Rachel Reeves warns that a tax grab on private equity may backfire

Rachel Reeves was warned that closing the private equity loophole, which would raise at least PS500m, could lead to a mass exodus of rich individuals and reduce the revenue that the chancellor hoped to generate.

EY, a professional services company, said that 60% of its clients in asset management had requested it to work on moving their domicile outside of Britain due to the proposed changes.
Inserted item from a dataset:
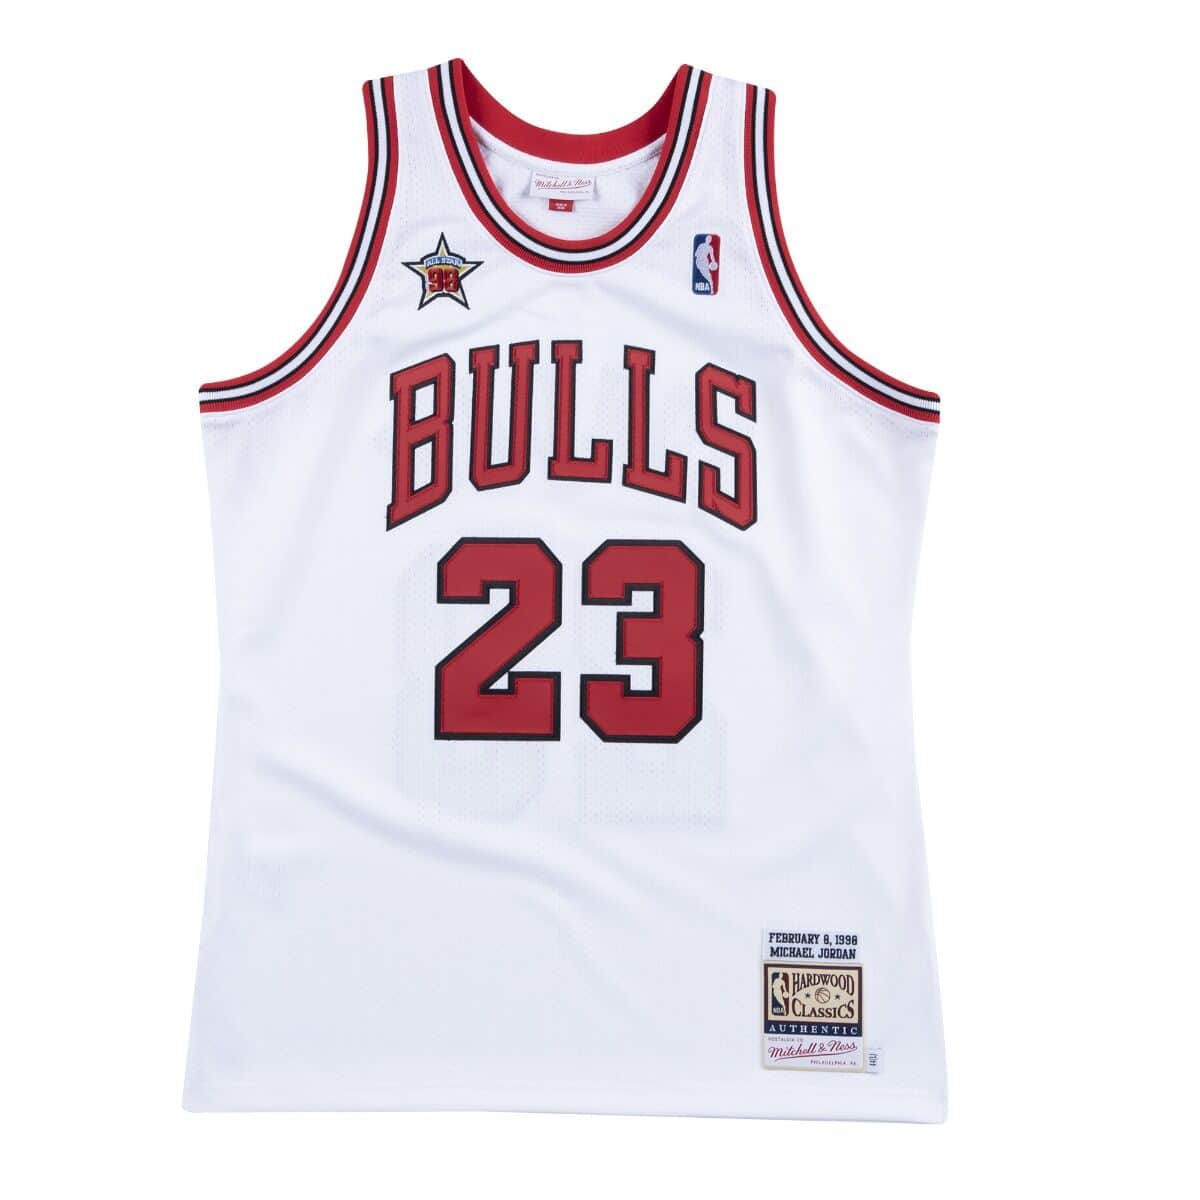 Authentic Michael Jordans Chicago Bulls 1998-99 Jersey

EY’s answer to Treasury’s request for evidence in response to government plans to change how people working in private equity will pay capital gains taxes (CGT) instead of income tax on their investment profits — also known as carrying interest. Treasury analysis indicates that approximately 3,000 people will receive carried interest by 2022. They would pay a tax of up to 28% instead of income tax. The highest tax rate is 45%.

EY has responded to the Government’s request for evidence regarding planned changes to Capital Gains Tax

Chris Sanger said that there was a lot of concern about the changes to carried interest rules. However, he stressed that it wasn’t clear how many people were moving.

It is unclear how the system will be changed. Rumors have circulated that the chancellor may increase the CGT top rate. She may also stipulate that people must invest their money in a particular fund, rather than being given a stake as part of employment, to continue to be eligible for CGT. Treasury announced that it launched the evidence call so “a variety of stakeholders” could provide their opinions.

Separately the CBI employers body warned the government about its plans to give more rights to workers in the workplace. This could cause uncertainty within the industry. CBI survey found that 62% of employers expected the UK to become less attractive for investment over the next five-year period.